The FASB defines fair value as the price that would be received to sell an asset or paid to transfer a liability in an orderly transaction between market participants at the measurement date. Additionally, the FASB requires the use of valuation techniques that maximize the use of observable inputs and minimize the use of unobservable inputs.
These inputs are prioritized below:
Level 1: | Observable inputs such as quoted market prices in active markets for identical assets or liabilities. |
Level 2: | Observable market-based inputs or unobservable inputs that are corroborated by market data |
Level 3: | Unobservable inputs for which there is little or no market data, which require the use of the reporting entity's own assumptions. |
We did not have any Level 2 or Level 3 assets or liabilities as of Sept 30, 2010.
Cash and cash equivalents include money market securities and commercial paper and marketable securities representing certificates of deposits maturing in less than one year that are considered to be highly liquid and easily tradable. These securities are valued using inputs observable in active markets for identical securities and are therefore classified as Level 1 within the fair value hierarchy.
In addition, the FASB issued, "The Fair Value Option for Financial Assets and Financial Liabilities," effective for May 1, 2008. This guidance expands opportunities to use fair value measurements in financial reporting and permits entities to choose to measure many financial instruments and certain other items at fair value. We did not elect the fair value option for any of our qualifying financial instruments, other than those subject to a recent acquisition.
Warrant Liability
The warrant liability is calculated using a Barrier Option Model with MonteCarlo Simulation from Global Derivatives.com. The current stock price, the stock volatility for the prior three months and the risk free rate (treasury bills) equal to the remaining term of the warrants are the inputs used in this valuation model. This model specifically addresses the fact that no additional shares of stock will need to be issued if our stock price hits the target (barrier) of $.50 or $.15. The stock volatility for any quarter is capped at 90% as volatilities greater than this produce an unreasonably low estimation of liability. This amount is adjusted quarterly based upon the changes in valuation provided by the model. The valuation model produced a $1,448,400 warrant liability as of December 31, 2010 and no warrant liability as of June 30, 2011 as all outstanding warrants had been fully satisfied with the issuance of common stock..
Equity-Based Compensation
The computation of the expense associated with stock-based compensation requires the use of a valuation model.
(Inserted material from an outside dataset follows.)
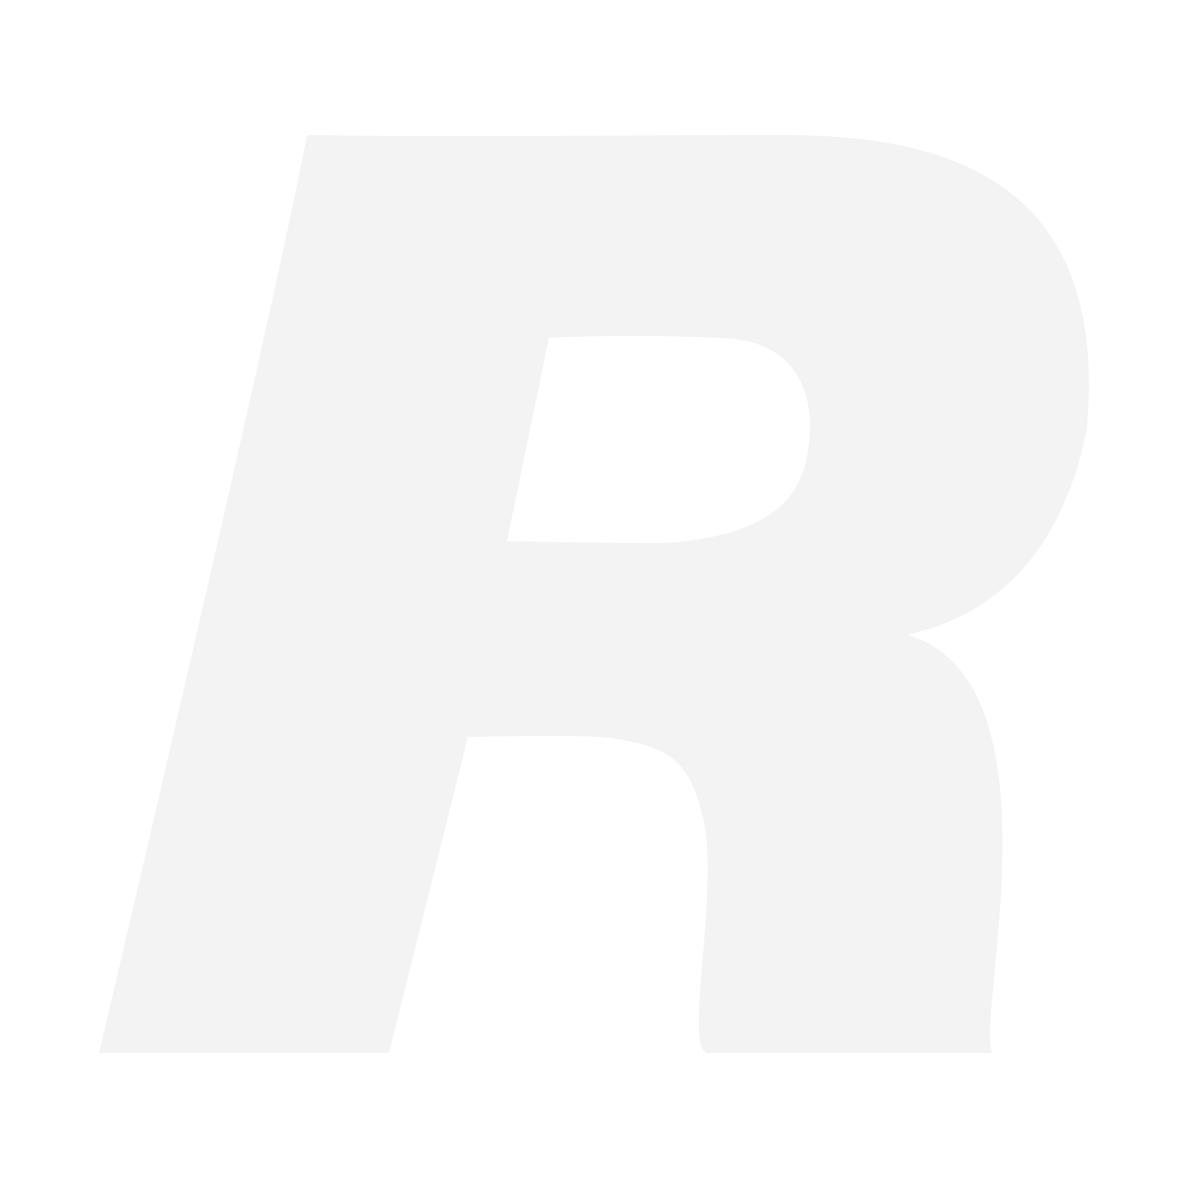 Sony A7 Mark III + Sigma 35mm f/1.4 Art DG HSM

The FASB issued accounting guidance requires significant judgment and the use of estimates, particularly surrounding Black-Scholes assumptions such as stock price volatility, expected option lives, and expected option forfeiture rates, to value equity-based compensation. We currently use a Black-Scholes option pricing model to calculate the fair value of our stock options. We primarily use historical data to determine the assumptions to be used in the Black-Scholes model and have no reason to believe that future data is likely to differ materially from historical data. However, changes in the assumptions to reflect future stock price volatility and future stock award exercise experience could result in a change in the assumptions used to value awards in the future and may result in a material change to the fair value calculation of stock-based awards. This accounting guidance requires the recognition of the fair value of stock compensation in net income. Although every effort is made to ensure the accuracy of our estimates and assumptions, significant unanticipated changes in those estimates, interpretations and assumptions may result in recording stock option expense that may materially impact our financial statements for each respective reporting period.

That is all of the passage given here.